The devil hates the Social Reign of Christ the King and Mary our Immaculate Queen. Consider a secular newspaper account, contained in the Workers' Solidarity publication in Barcelona, Spain, of the jubilation that was felt in the murder of so many bishops and priests during the Spanish Revolution (1936-1939):

The Church must disappear forever. . . . The wretched little Catholic holes no loner exist. The torches of the people have pulverized them. In their place rises a free spirit that has nothing in common with the masochism which incubates in the naves of the cathedrals. But it is necessary to tear up the Church by the roots. For this we must take by force all its goods that rightly belong to the people. Religious orders must be dissolved. Bishops and cardinals must be shot.  (Quoted in Warren H. Carroll, The Last Crusade, Christendom Press, 1996, p. 111.)

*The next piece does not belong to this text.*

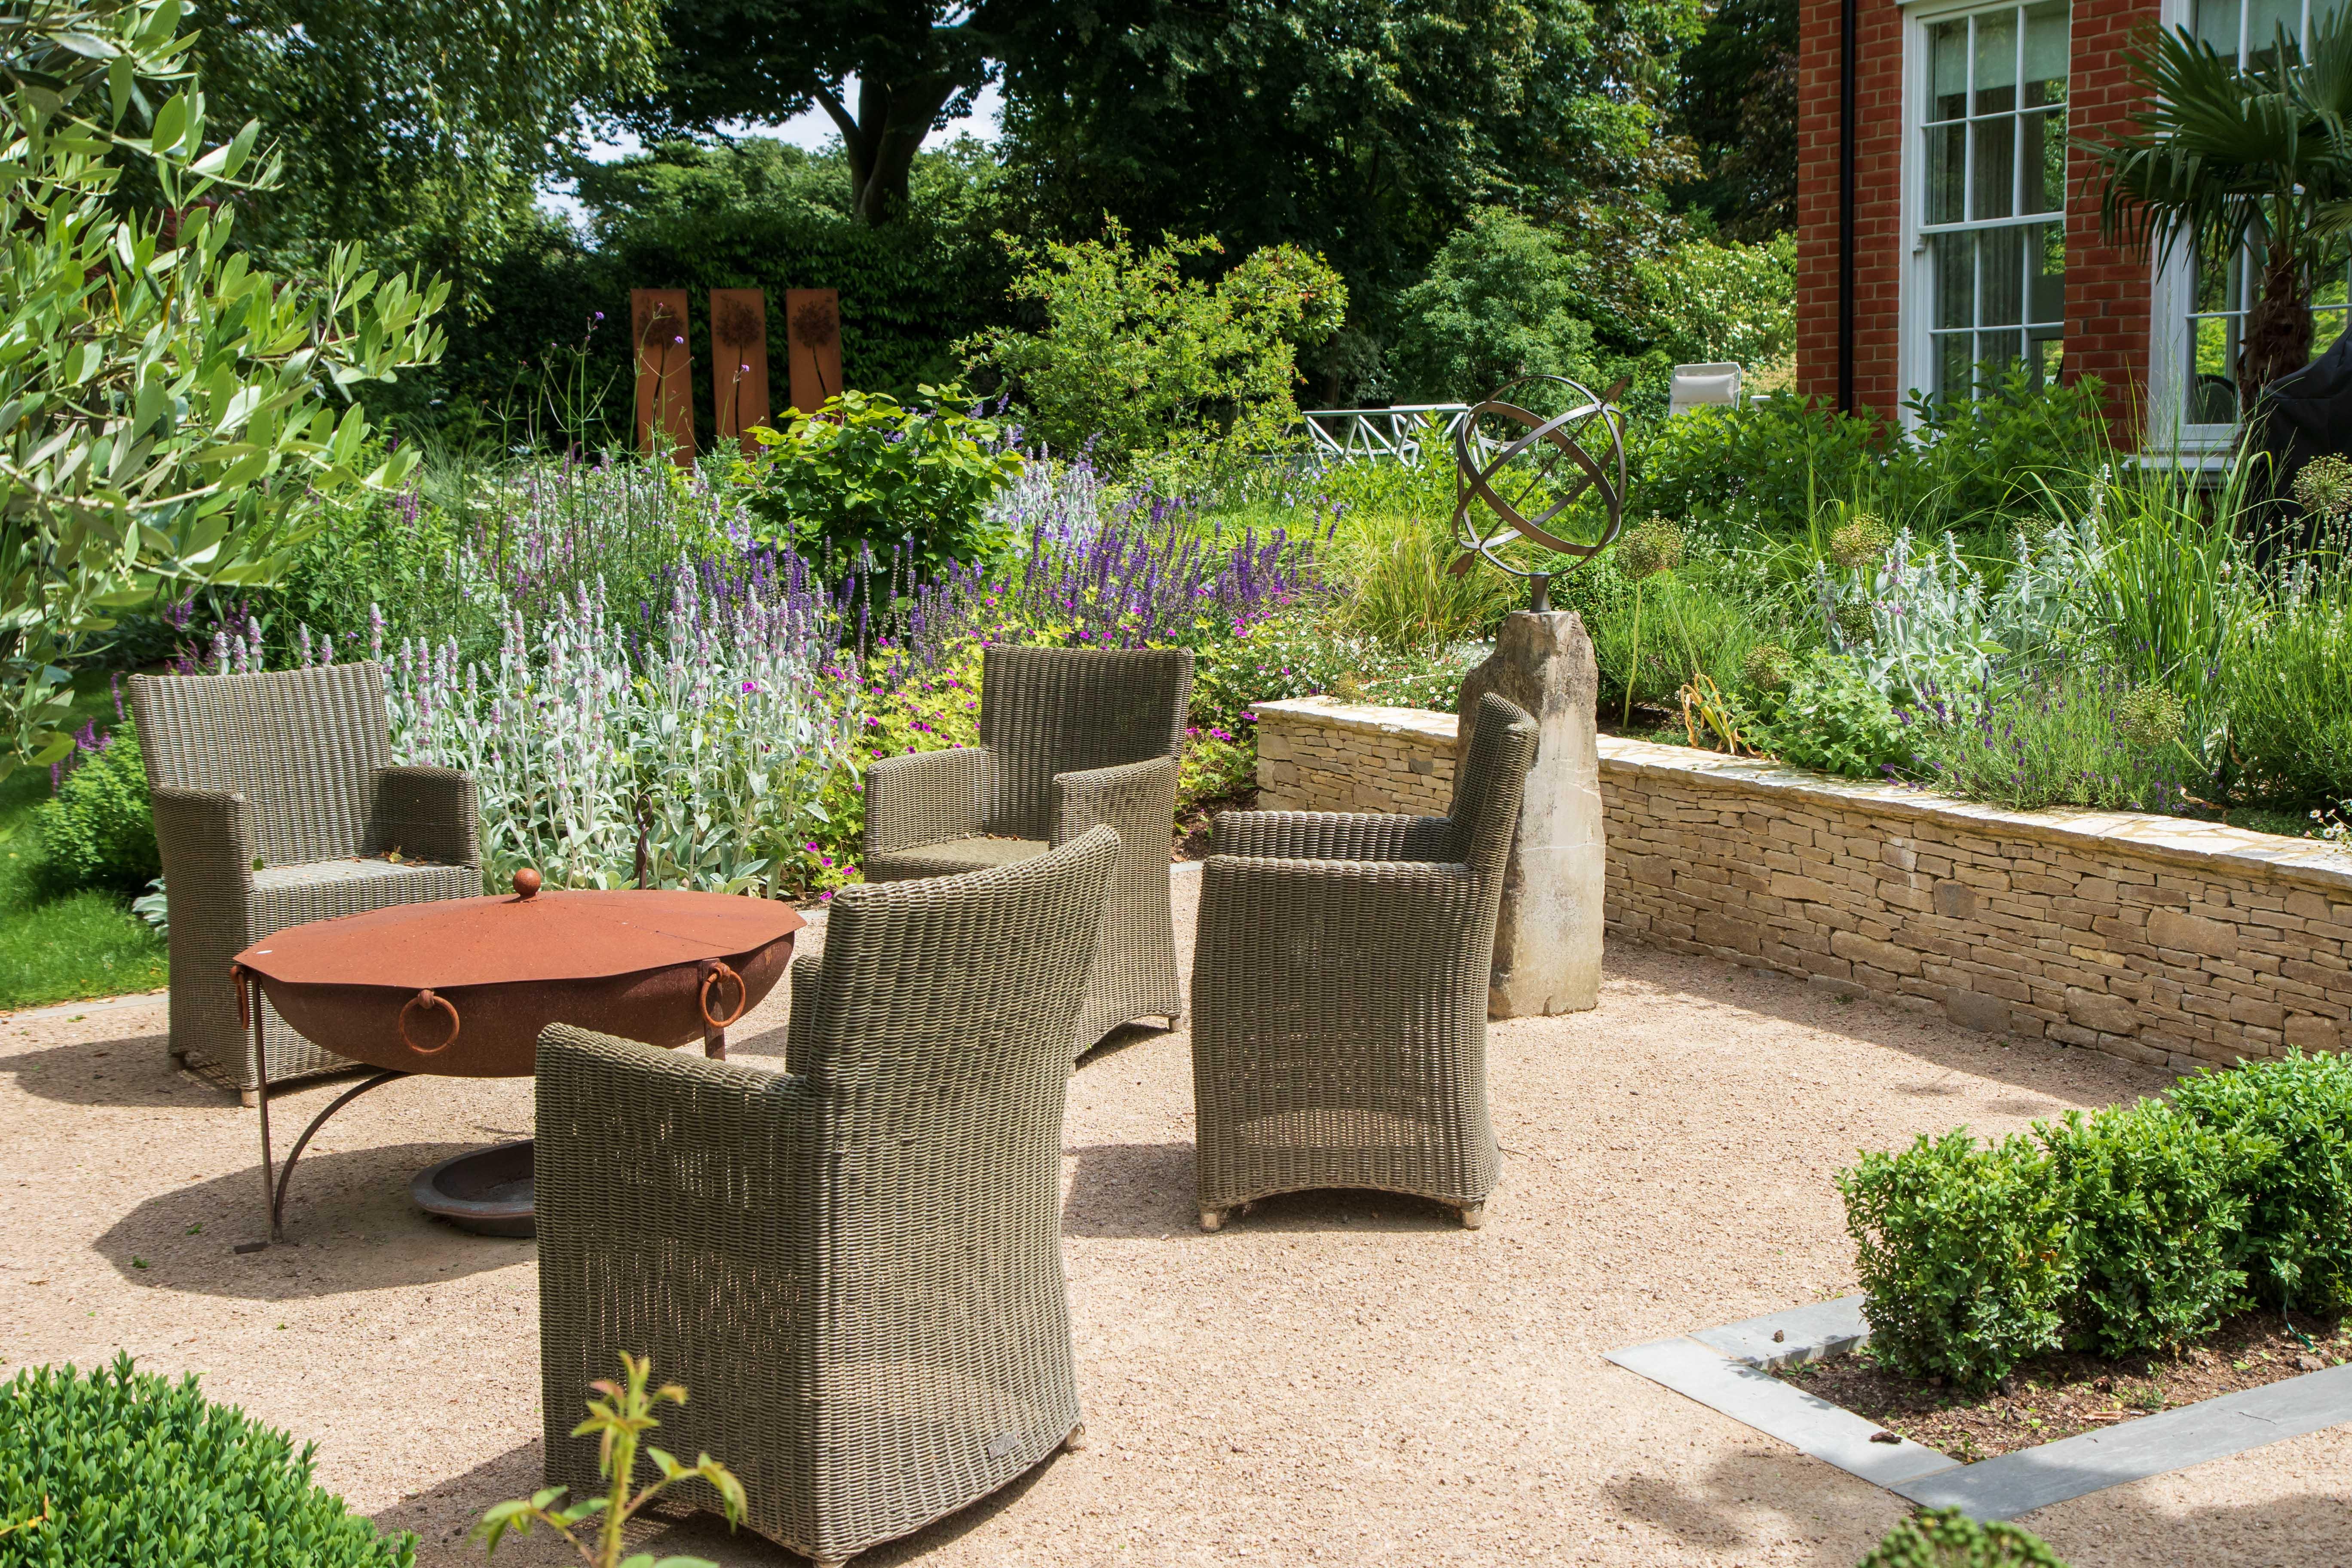 Home Design Ideas Decorating Gardening: Award-winning Garden Landscape Design

The government of the United States of America under Franklin Delano Roosevelt, the darling of so many Catholic bishops and priests, did not help the Catholics who were being persecuted in Spain. The government of the United States of America under the administration of Thomas Woodrow Wilson actually aided the Masonic revolutionaries who were putting Catholics to death by the thousands. The America bishops? As testified to by Alfred Smith's ghostwritten letter itself, they urged non-intervention in behalf of saving the Catholics who were being martyred.